Глава 2. Воля к власти как общество и индивидуум

1. Общество и государство

250. Принцип: лишь отдельные из людей чувствуют себя ответственными. Для того и изобретены людские множества, чтобы делать вещи, на которые у отдельного человека не хватает духу. — Именно поэтому все общинные образования, все общества во сто крат откровеннее и поучительней свидетельствуют о сущности человека, нежели индивидуум, который слишком слаб, чтобы найти в себе мужество для своих вожделений.

Весь «альтруизм» на поверку оборачивается житейской мудростью частного лица: общества же по отношению друг к другу отнюдь не «альтруистичны»… Заповедь любви к ближнему еще ни разу не была расширена до заповеди любви к соседям. В гораздо большей мере здесь все еще справедливо то, что записано в законах Ману: «Во всех прилегающих к нам царствах, а также в их союзниках, мы должны видеть наших врагов. По этой же самой причине нам следует считать, что соседи их настроены к нам дружественно».

Потому и столь неоценимо изучение общества, что человек как общество гораздо наивней, нежели человек как «единичность». — Общество никогда не понимало «добродетель» иначе, как средство силы, власти, порядка.

Как бесхитростно и с достоинством сказано в законах Ману: «Одной только собственной силой добродетели трудно было бы утвердиться. В сущности, единственное, что держит человека в границах и позволяет каждому спокойно оставаться при своем добре, — это страх».

251. Государство или организованная аморальность… внутри себя: как полиция, уголовное право, сословия, торговля, семья; вовне себя: как воля к могуществу, к войне, к захватам, к мести.
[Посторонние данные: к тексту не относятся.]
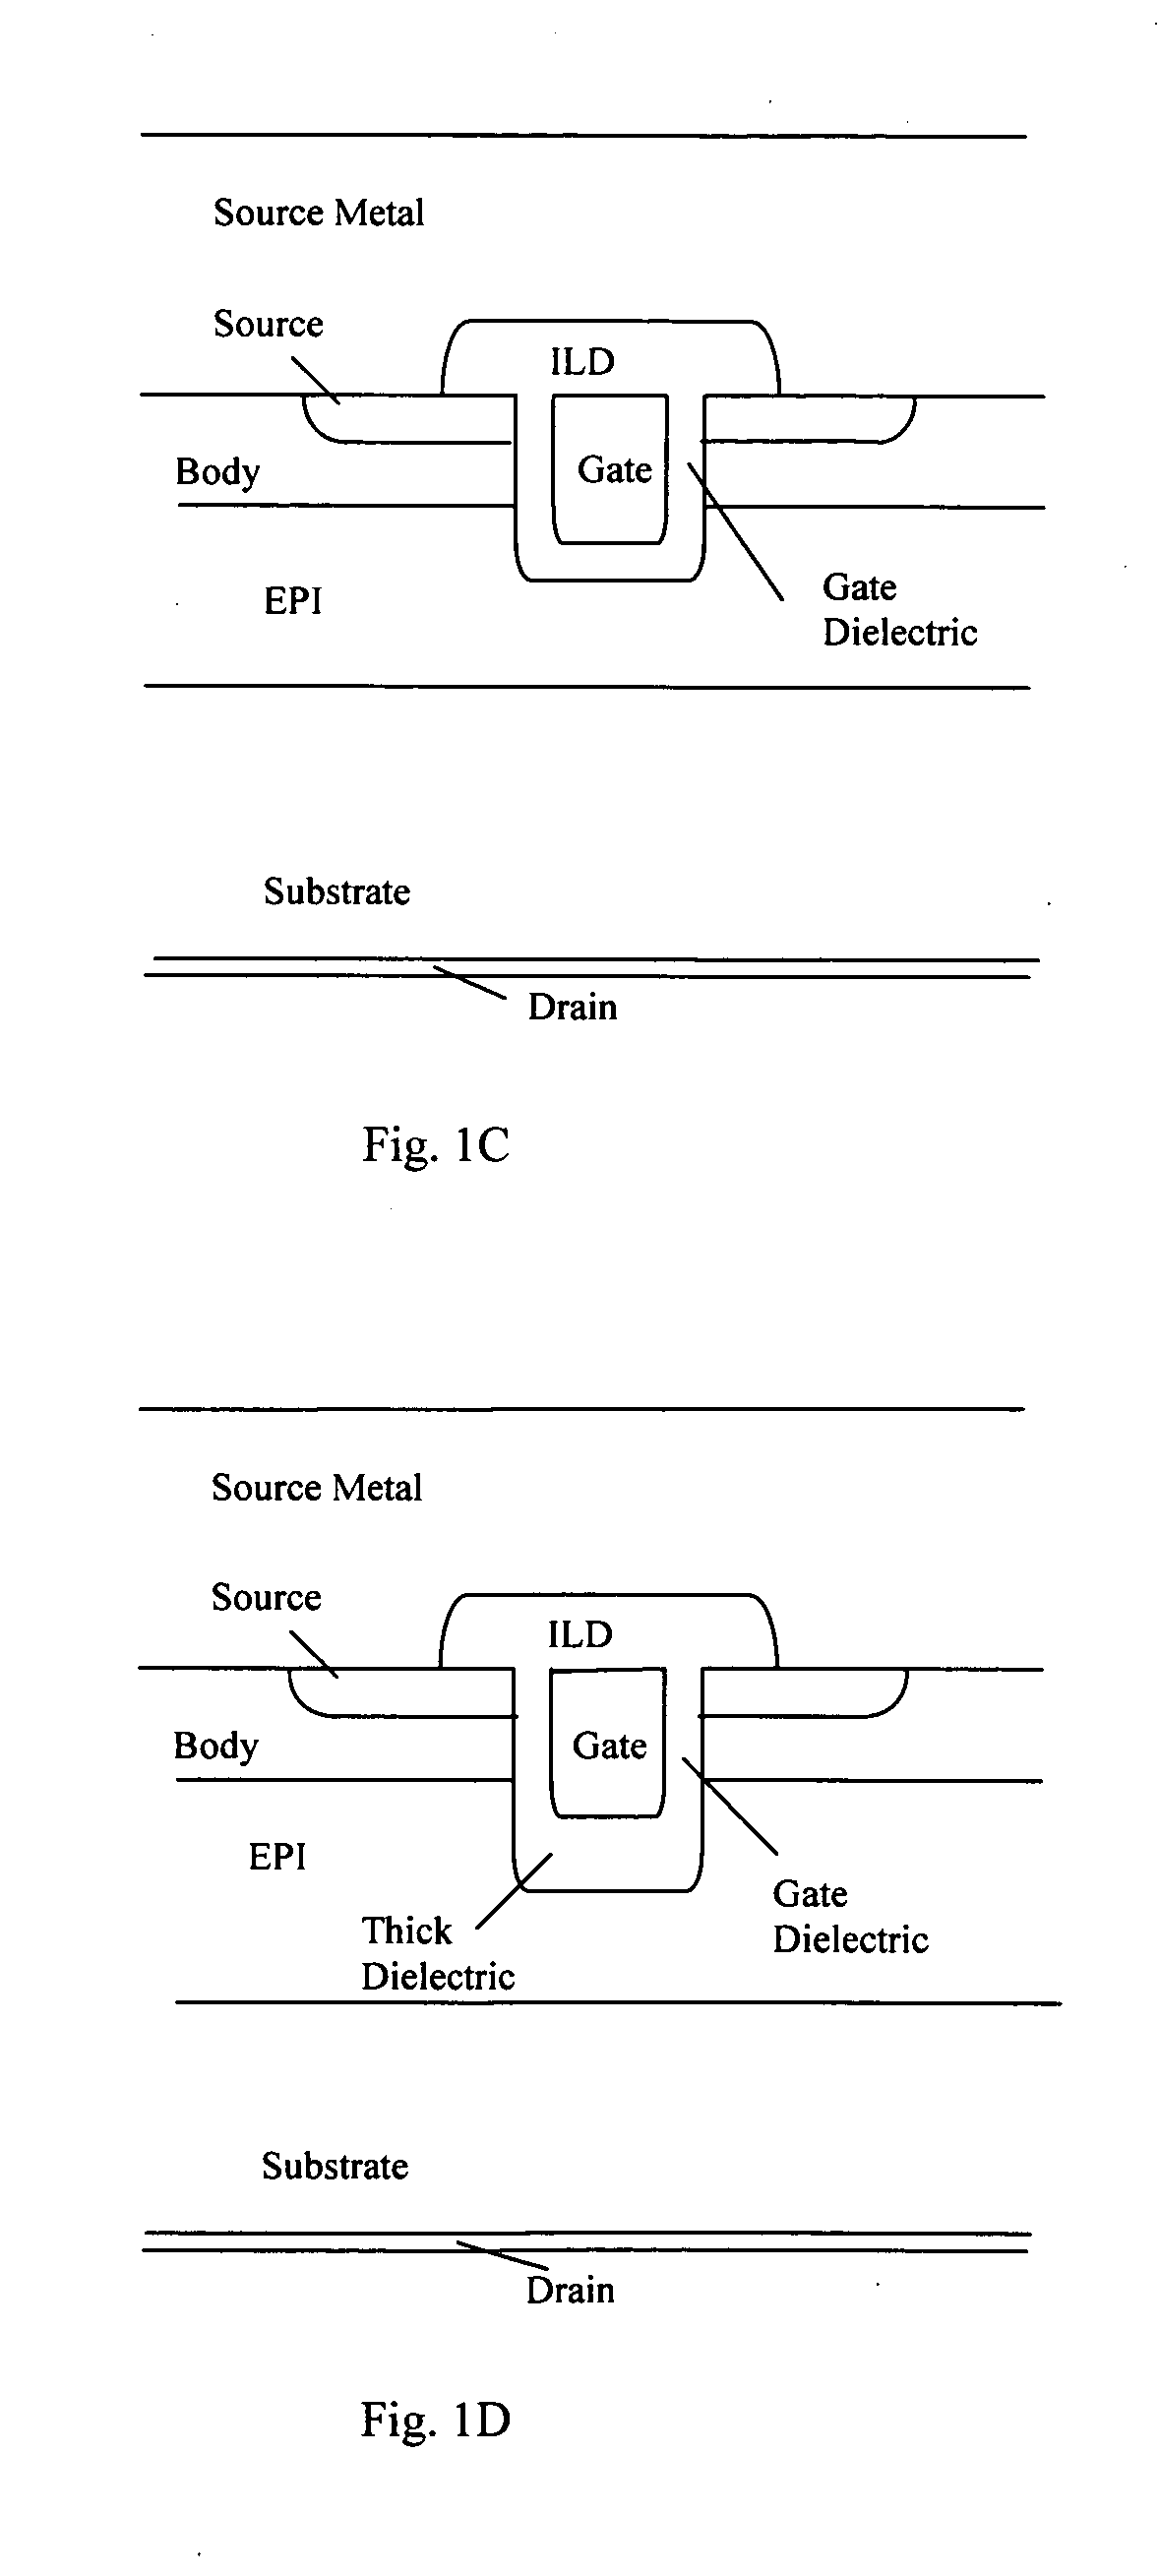 Power MOSFET device structure for high frequency applications

Как достигается, что государство делает уйму вещей, на которые отдельный человек никогда бы не сподобился? Через разделение ответственности — приказа и его исполнения — через прокладывание между ними добродетелей послушания, долга, любви к отчизне и к правителям, через поддержание гордости, строгости, силы, ненависти, мести, — короче, всех тех типических черт, которые стадному типу противоречат…

252. У всех вас не хватит духу убить человека, или хотя бы исхлестать бичом, или — да что угодно… но в государстве неимоверное безумие подминает под себя отдельного человека и вынуждает его отвергать свою ответственность за то, что он делает (долг послушания, присяга и т. д.).

— Все, что человек делает на службе государству, претит его природе.

— равно как и то, чему он учится в виду своей грядущей службы государству, так же претит его природе.

Разрешается же это разделением труда, так что никто не несет ответственности за все целиком:

законодатель — и тот, кто закон исполняет; прививающий дисциплину учитель — и те, кого эта дисциплина закалила до суровой строгости.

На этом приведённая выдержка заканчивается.